I am sorry that I don’t provided any traceback of errors as I don’t have them, I am using cloudwatch logger to log the exceptions.

What is giving you this indication? If you’ve got additional information that you’ve gathered that is leading you to a conclusion, it would be helpful if you shared that here.

Note: We’re likely going to need to see more of the code that is trying to connect.

And again:

As a side note, this is generally not a good idea:

You’re potentially closing the websocket connection from the client before the server instance has had a chance to read and process the message being sent. (The busier the server is, the more likely this is to occur.)

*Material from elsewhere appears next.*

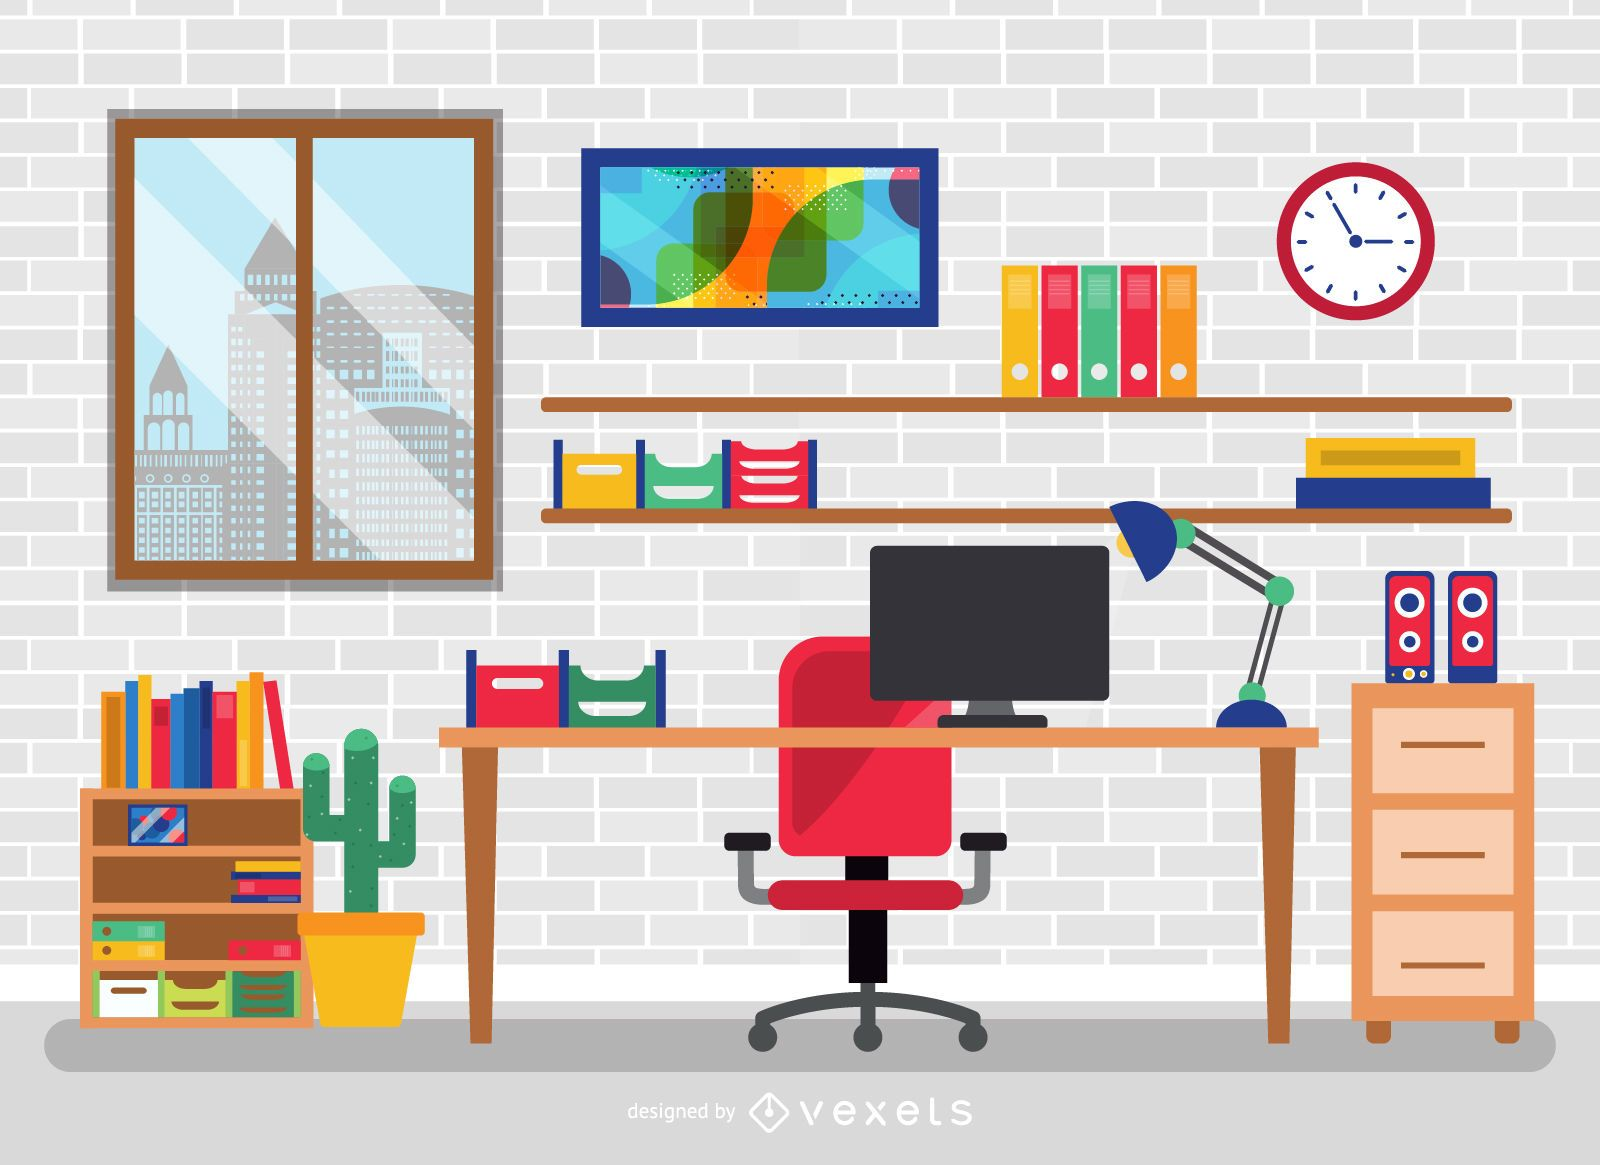 Escritorio de oficina plano con elementos

I check the nginx error logs, there I can clearly see some errors (and all of this when I see cpu usage below 10% for all 4 cores and memory usage is 4gb out of 15gb):

  1. Too many file opens error
  2. Insufficient workers error
  3. recv() failed (104: Unknown error) while proxying upgraded connection, client: 121.117.207.264, server: dev.websocket.app, request: “GET /ws/socket-server/driver_3d467059-2f82-4112-b54f-a728387abd19/ HTTP/1.1”, upstream: “http://127.0.0.1:8000/ws/socket-server/driver_3d467059-2f82-4112-b54f-a728387abd19/”, host: “dev.websocket.app”

I believe I need to fix all those limits and the timeouts in the nginx.
Also why websocket.close() after websocket.send() is not good because as it’s a sync code then the socket close code only runs after socket send done, right? or I am I assuming that wrong.

I want some guidance from you regarding how can I utilize my server, because as of now the server cpu usage is below 10%, the memory usage is 4gb something. But still my connection drops and getting handshake timeouts etc.

One more question is there any chance that if I close the socket connection from client side, still that connection is alive in the nginx If I increase the proxy_read_timeout to bigger number like 24 hour, 7d etc.
Is there any way to get rid of this type of connections which are no longer in use by client.

Yes, the socket will be closed on the client after the send has been completed on the client.

However, if the server is busy, the consumer may not have received the message from the internal buffers before the socket is closed by the browser.

If you have made some changes to your configuration, then please post the updated settings and the detailed information about the errors. (Post the actual sections of the logs with the errors.)